2 days ago
- General
- Winnipeg Free Press
Holding out hope
Not knowing how everything is going to turn out is a crucial component to facing existential challenges and navigating change, according to Rebecca Solnit, acclaimed essayist and award-winning author of more than 20 books including the groundbreaking work Men Explain Things to Me.
'The state of unknowing is both normal and so wildly uncomfortable that we engage in foolish and delusional imitations of knowing,' she writes in her latest collection No Straight Road Takes You There: Essays for Uneven Terrain.
The urge to hold on to 'delusional imitations of knowing' is at the crux of some of the world's greatest problems, resulting in inaction — or worse, the wrong action, Solnit argues. Further, social media allows people with only a limited understanding of certain issue to become 'would-be pundits and false prophets,' encouraging those without all the facts to make summary judgements.
In an essay entitled Tortoise at the Mayfly Party, Solnit makes the case for taking the long view instead of trite, summary judgments. Before throwing up our hands and proclaiming that feminism has failed because there's a current roadblock in the onward march toward equality, or that the race to thwart climate catastrophe is lost because of current inaction, she suggests an alternative: remember the oak tree was once an acorn. In other words, don't give up. Keep pressing forward and refuse to be lulled into despondent complacency.
Solnit urges her readers to remember a time when there was something better than chaos and decline. As an advocate who has been on the frontlines of the global climate crisis and the fight for women's rights for several years, she rails against those who have been lulled into inaction. Don't choose 'grim certainty' over the uncertainty of what else might happen next, she pleads. 'If you pretend the future is preordained, you don't have to do anything.'
The book then becomes a meditation in favour of certain progress while offering a roadmap. Yet none of it is easy; all of it demands a reappraisal of the current status quo.
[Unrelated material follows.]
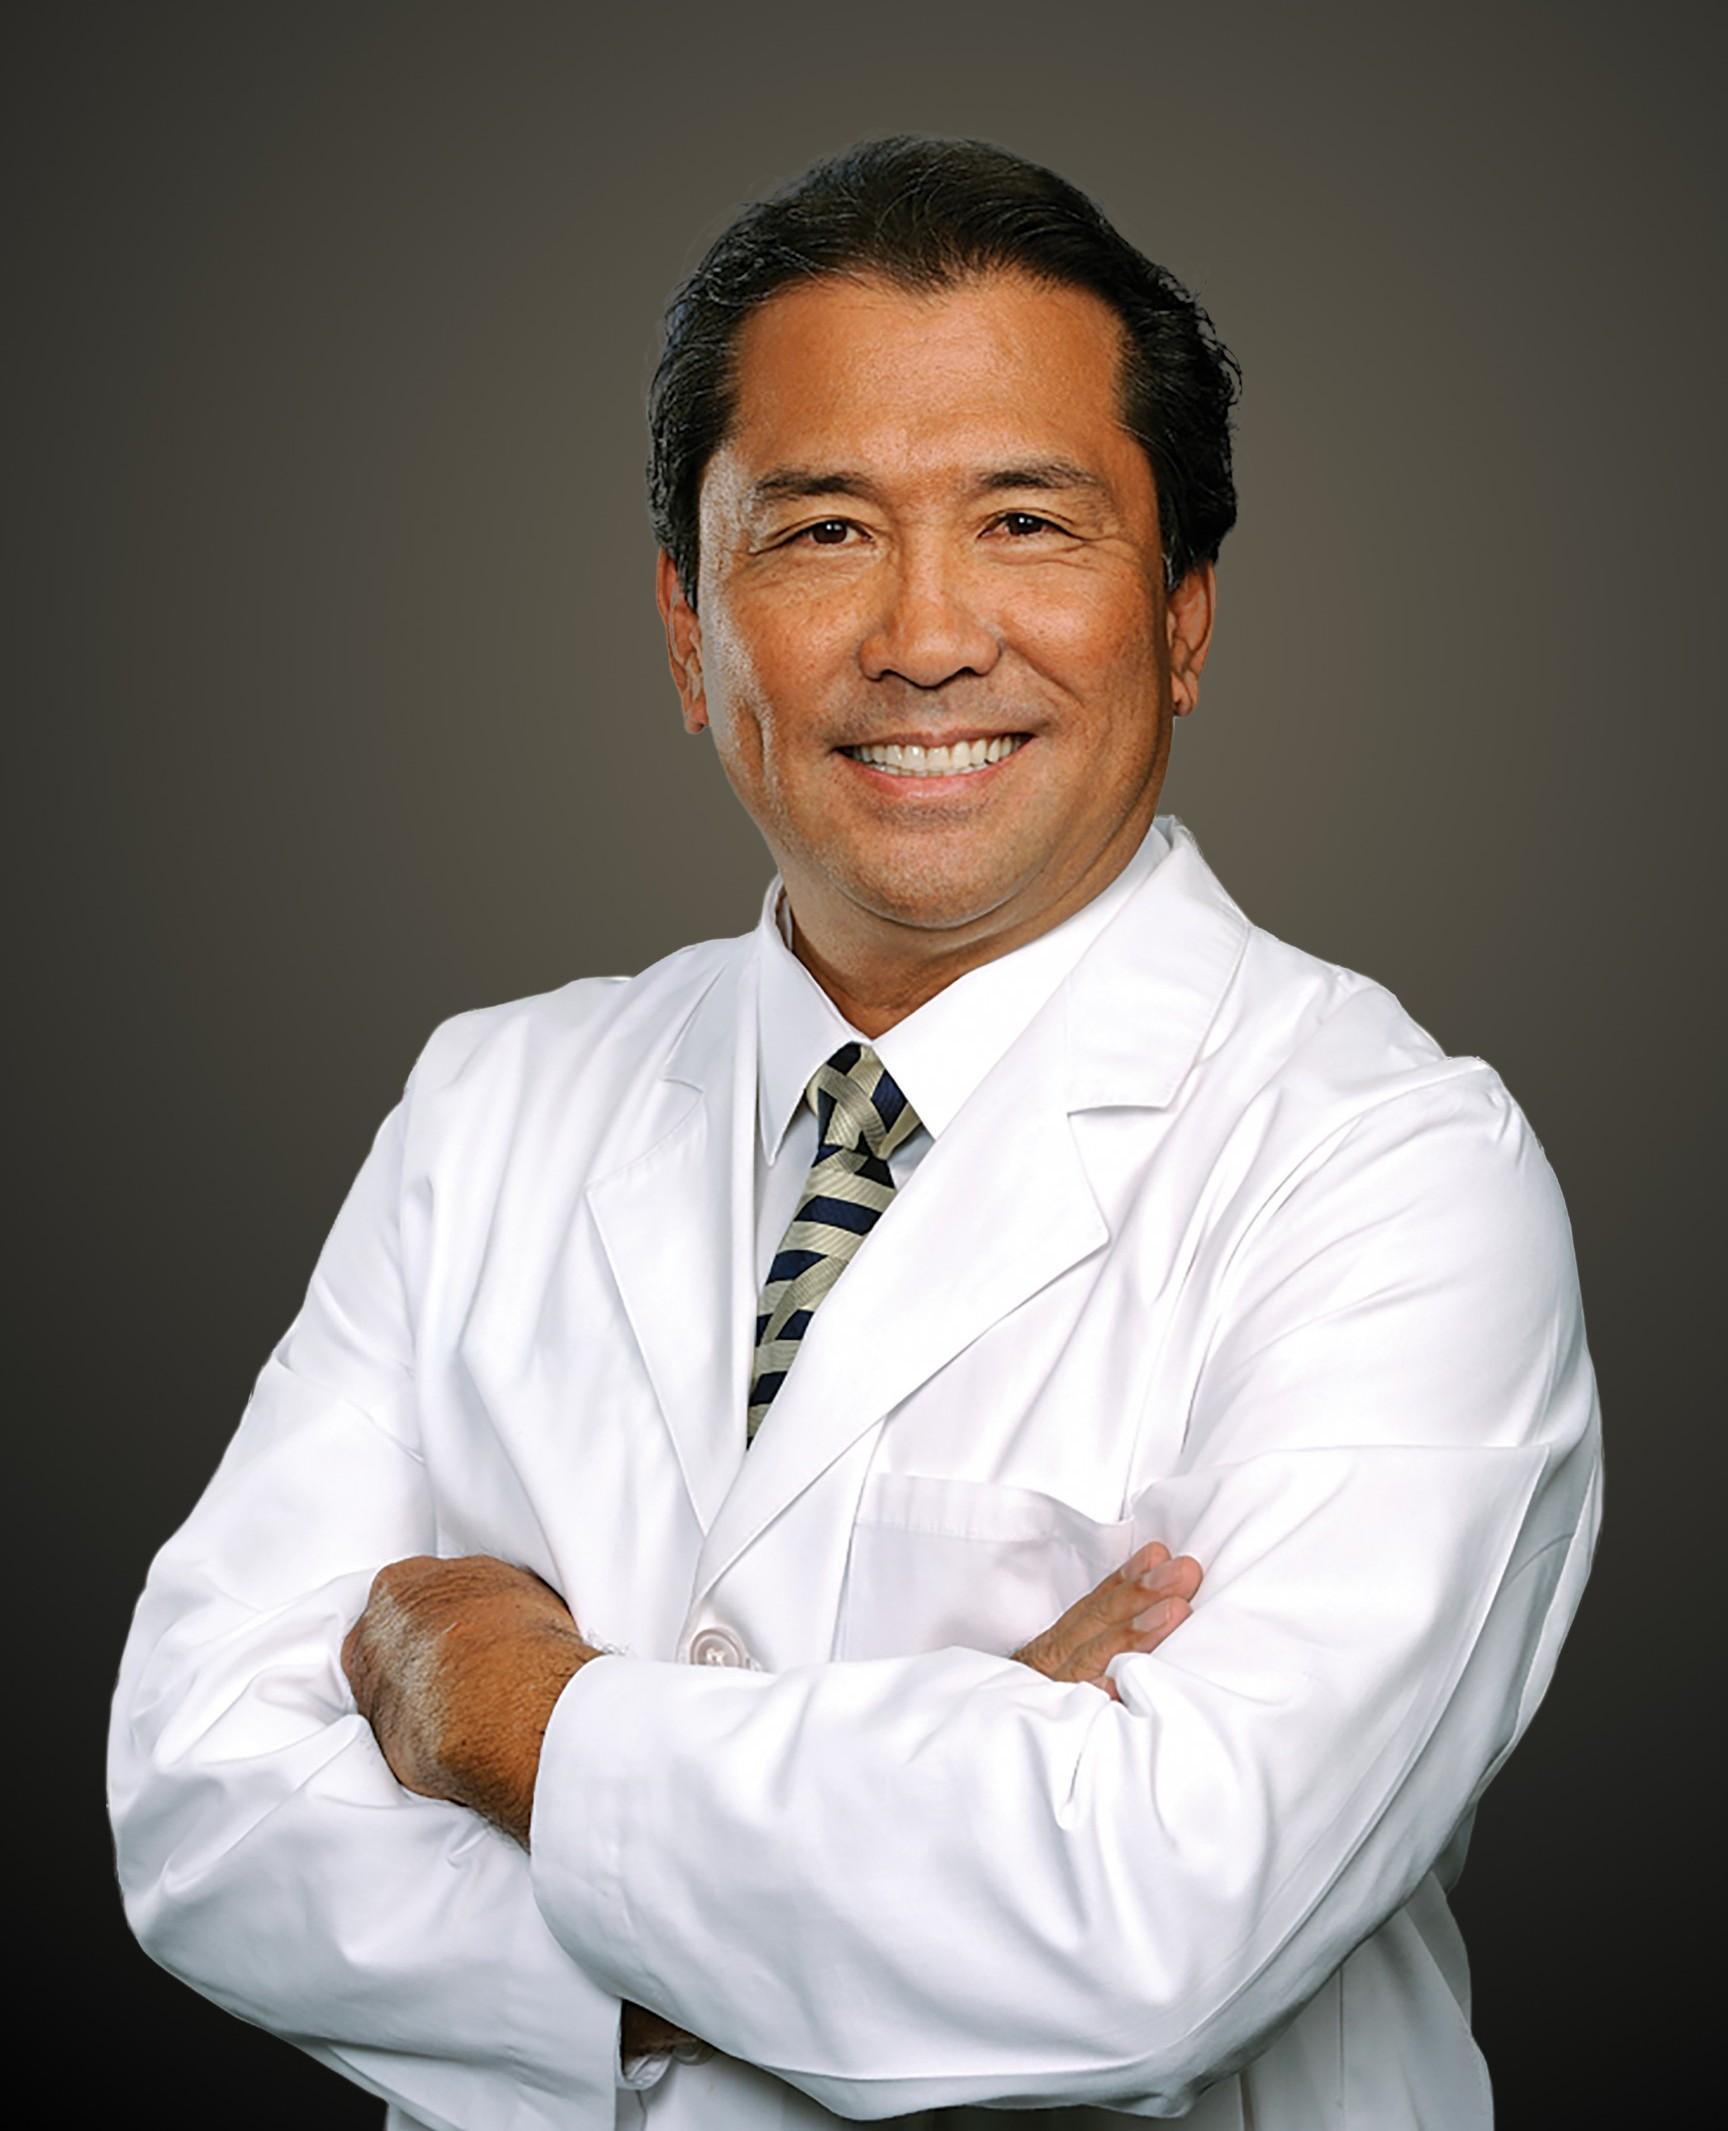 Ken Yasuhara, D.D.S.

For example, as another summer sky fills with wildfire smoke, an essay aptly entitled Sky Full of Forests becomes a call to action against forgetting. 'Memory of how we slipped into trouble and misery and what came before can help us journey out of it,' she writes.
It becomes a plea for reversing the damage of fossil fuels through a peace offering with nature.
She also takes aim at an 'ideology of isolation,' describing it as a flawed and fundamental tenet of modern right-wing worldviews. This ideology, she argues, offers people a way to believe their individual actions (or inactions) are disconnected from the larger whole. For example, refusing to prevent the spread of illness by wearing a face mask and not curbing behaviour to mitigate climate change are actions in opposite of an interconnected world.
'Isolationists and interconnectionists might be more useful terms for the political divides of our time than left and right,' she writes.
Inseparability is the pathway forward, a mantra that we truly are all in this together. In caring for each other's well-being, we are caring for our own.
At its core, No Straight Road Takes You There is an invitation to remember a time when things were vastly different from now, and begin telling a new story of how vastly better things will be within a caring, interconnected society.
Rochelle Squires is an avid book reader who is no longer uncomfortable with uneven terrain.